Exercise and Rehabilitation in Congestive Heart Failure
Donna M. Mancini
Rebecca P. Streeter
The clinical syndrome of congestive heart failure (CHF) results in changes in the skeletal muscles, peripheral vasculature, and lungs that are a consequence of a chronically decreased cardiac output. Exercise training may be an effective therapeutic modality to retard or reverse the maladaptive changes that develop in the periphery during CHF (1). In this review, we summarize the central and peripheral adaptations encountered in CHF and discuss the prognostic use of exercise testing and the therapeutic potential of exercise training in patients with heart failure.
Cardiac and Peripheral Derangements in Heart Failure
In the presence of a reduced cardiac output, the heart depends on three principal compensatory mechanisms to maintain normal function (2). First, the Frank-Starling mechanism increases preload to sustain cardiac stroke volume. Second, myocardial hypertrophy develops to increase the mass of contractile tissue. Third, the sympathetic nervous system is activated to augment myocardial contractility. In the short term, these compensatory mechanisms serve to preserve cardiac output. However, eventually these compensatory mechanisms become detrimental, contributing to the progression of the disease process.
In normal subjects, the primary limitation to maximal physical performance is the cardiac-output response (2,3). Patients with heart failure exhibit reduced cardiac-output responses to exercise in comparison with normal subjects. The decreased exercise capacity of patients with heart failure has been attributed to a decreased cardiac-output response, which leads to inadequate perfusion of skeletal muscle and intramuscular lactic acidosis (4,5). In 1981, Weber et al. (6) measured the hemodynamic and ventilatory responses of 40 patients with heart failure during progressive treadmill exercise. This first large application of the measurement of peak oxygen consumption (VO2) in patients with heart failure demonstrated the usefulness of this technique as a noninvasive method for characterizing cardiac reserve and functional status. Weber et al. demonstrated a significant correlation between cardiac-output response and VO2 (Fig. 38-1) and were able to classify patients into groups with disease of increasing severity on the basis of this noninvasive technique.

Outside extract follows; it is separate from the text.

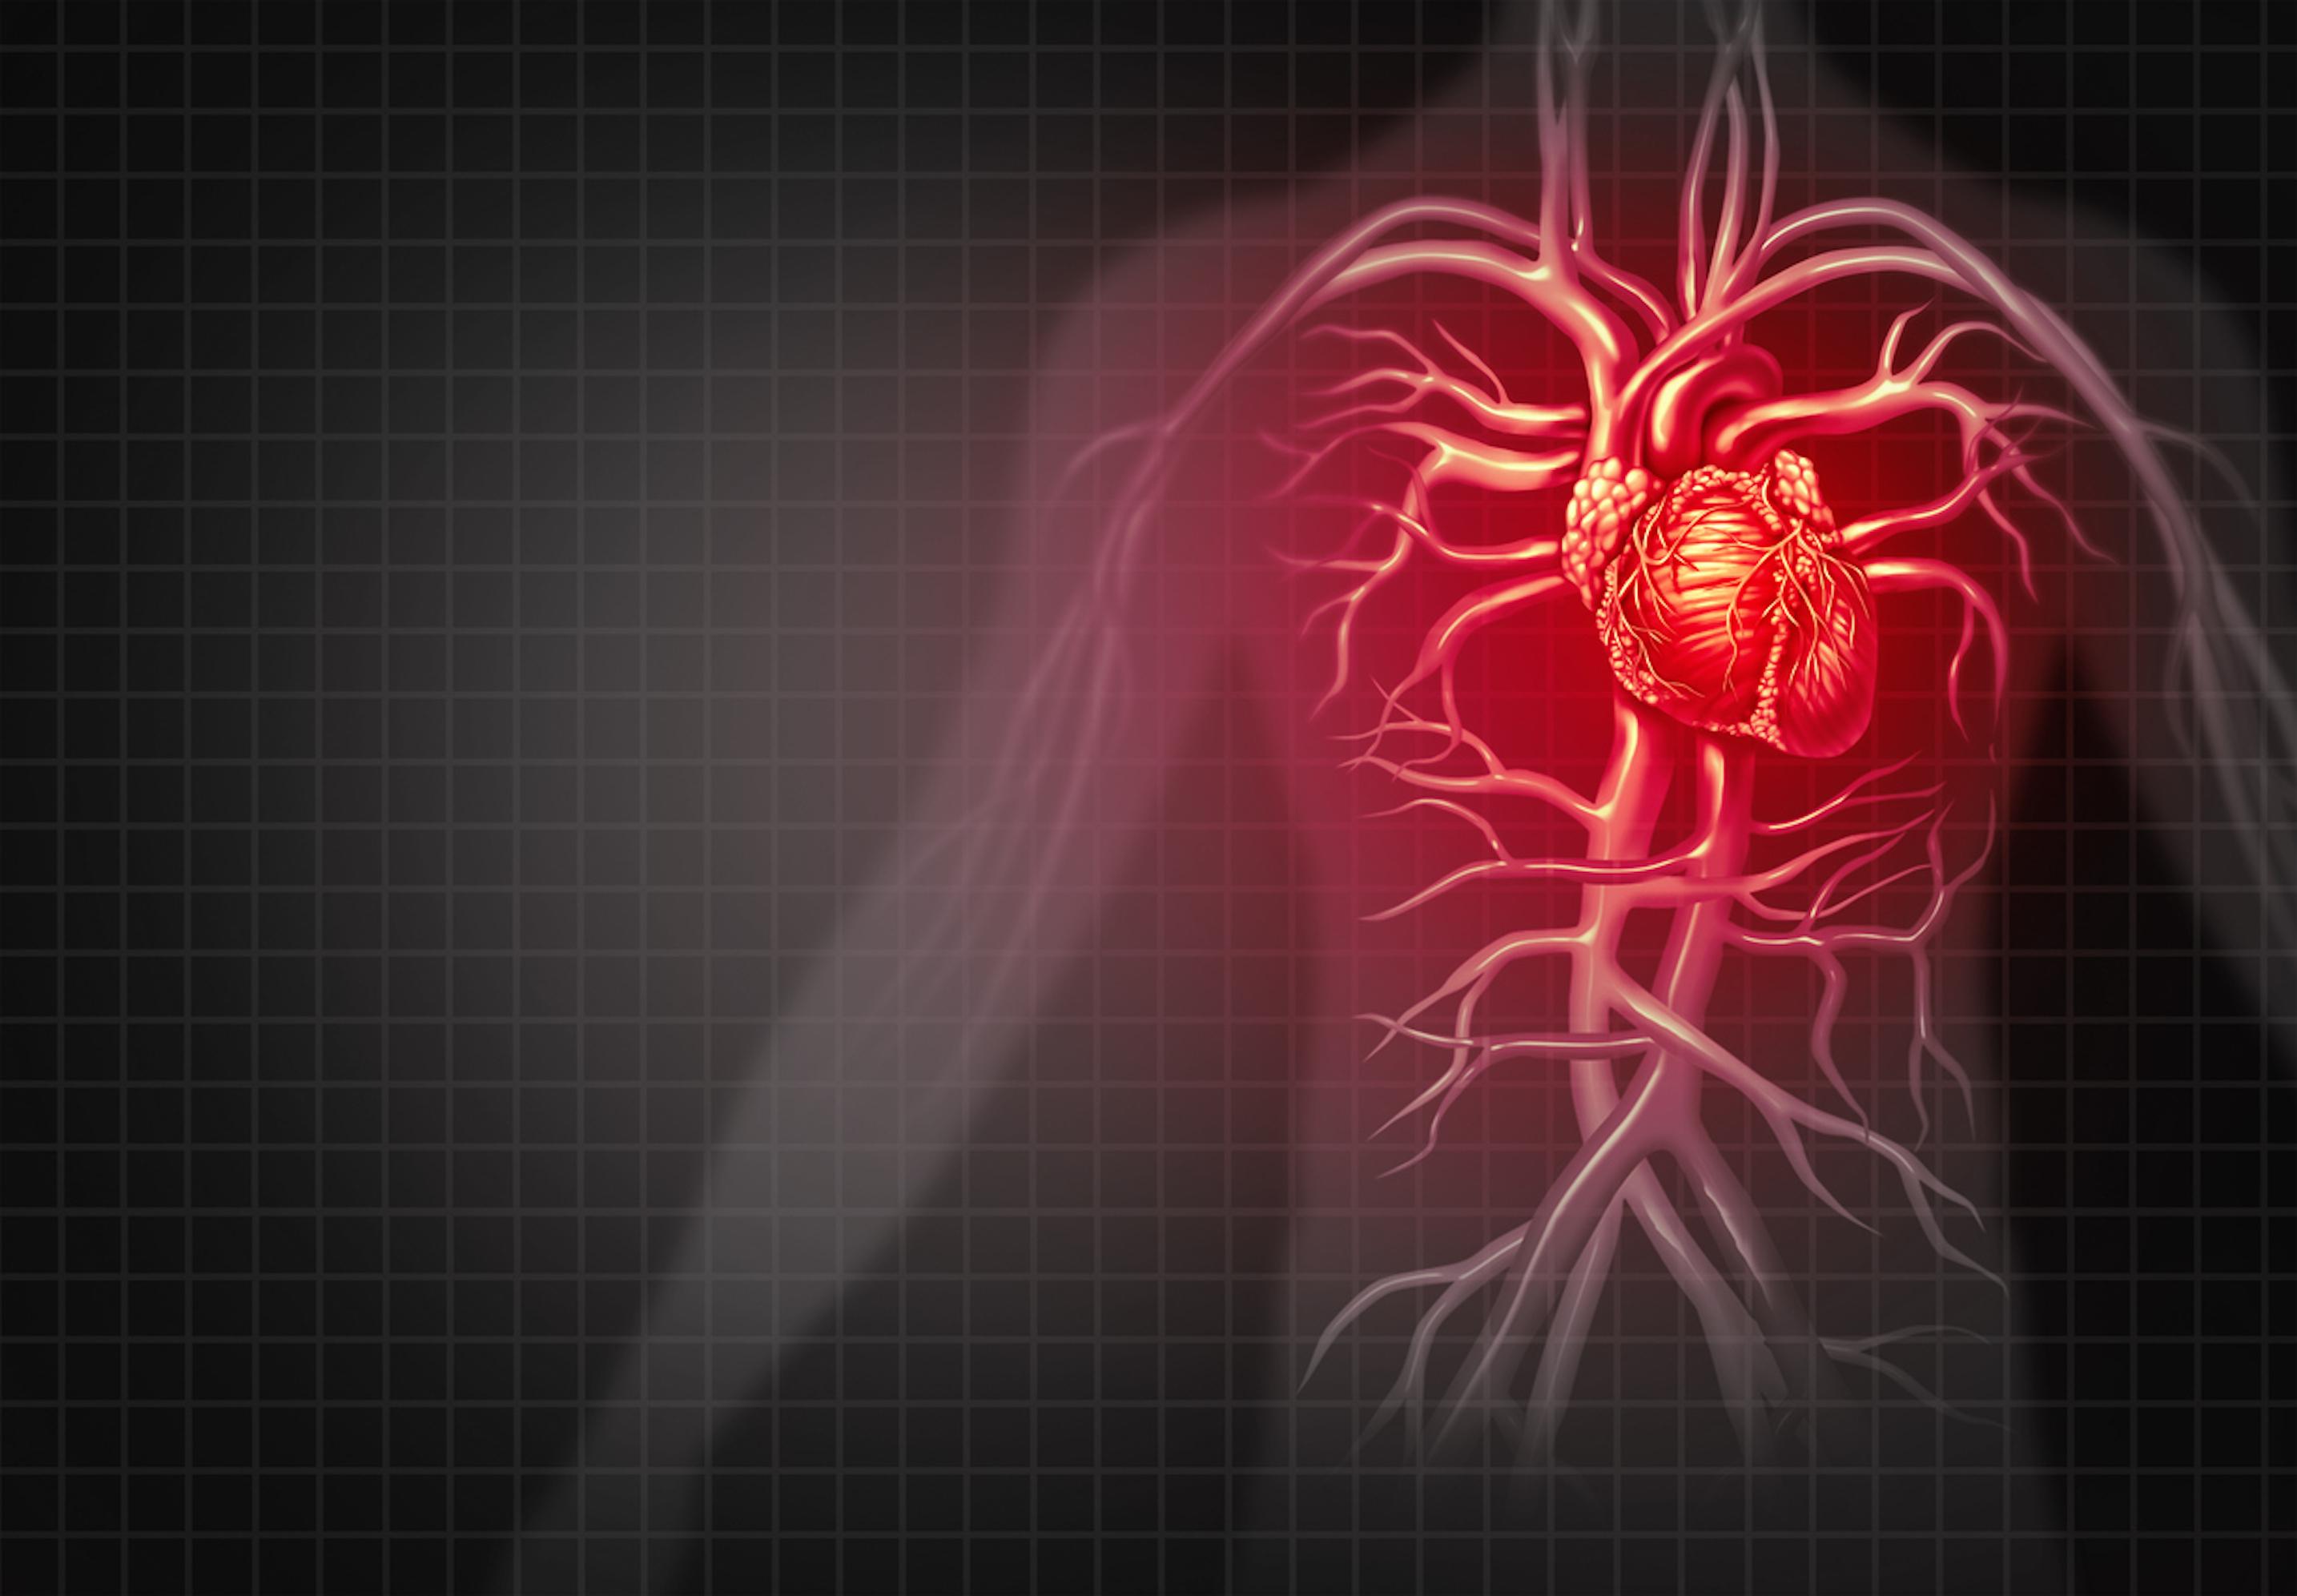 Risque cardiovasculaire : les MICI multiplient par 9 le risque de crise cardiaque

Although peak exercise capacity clearly depends on the cardiac-output response to exercise, this is not the sole determinant of exercise performance in patients with heart failure. The exercise capacity of patients with severely reduced ejection fractions varies widely. Furthermore, therapeutic interventions aimed at acutely increasing cardiac output, such as administration of dobutamine, do not significantly increase peak VO2 (7,8). This discrepancy between enhanced cardiac output and fixed peak VO2 can be explained on the basis of the peripheral, vascular, and skeletal muscle derangements in CHF. Because of regional vascular or skeletal abnormalities, the augmented cardiac output cannot be utilized by the exercising muscle beds and, therefore, peak VO2 is not altered.
Peripheral Vascular Changes in Heart Failure
Experimental evidence suggests that the peripheral circulation undergoes substantial transformations during the progression of CHF, with an alteration of regional vascular control. The alterations occur both at the level of the vascular endothelium (an important modulator of vascular tone) and at the level of the vascular smooth muscle.
In both animal and human models of CHF, the responses to endothelium-mediated vasodilation are blunted. Endothelium-dependent dilation is reduced in the aorta of rats with ischemic cardiomyopathy (9). Kubo et al. (10) demonstrated that endothelium-dependent vasodilation is attenuated in patients with heart failure. Changes in sheer stress are an important determinant of endothelial function. In normal vasculature, the changes in sheer stress on the endothelial cells that accompany alterations in blood flow serve to enhance vasodilation via release of nitric oxide and prostaglandins (11,12). Endothelial dysfunction appears to be a time-dependent alteration. With an increasing severity of CHF, the endothelial vascular function deteriorates. In rats with early stages of heart failure, vascular endothelial function was preserved, whereas in more severe stages an impairment was noted (13). Circulating cytokines such as tumor necrosis factor-α (TNF-α) are elevated in severe heart failure. TNF-α impairs the stimulated release of endothelium-derived relaxing factor (EDRF). Plasma levels of TNF in patients with heart failure are correlated with the degree of endothelial dysfunction assessed by infusion of acetylcholine (14). Chronically decreased perfusion of skeletal muscle, increased angiotensin-converting enzyme (ACE) activity in tissues, increased formation of oxygen free radicals, and increased levels of endothelial vasoconstrictive agents are other potential mechanisms involved in the development of endothelial dysfunction in these patients.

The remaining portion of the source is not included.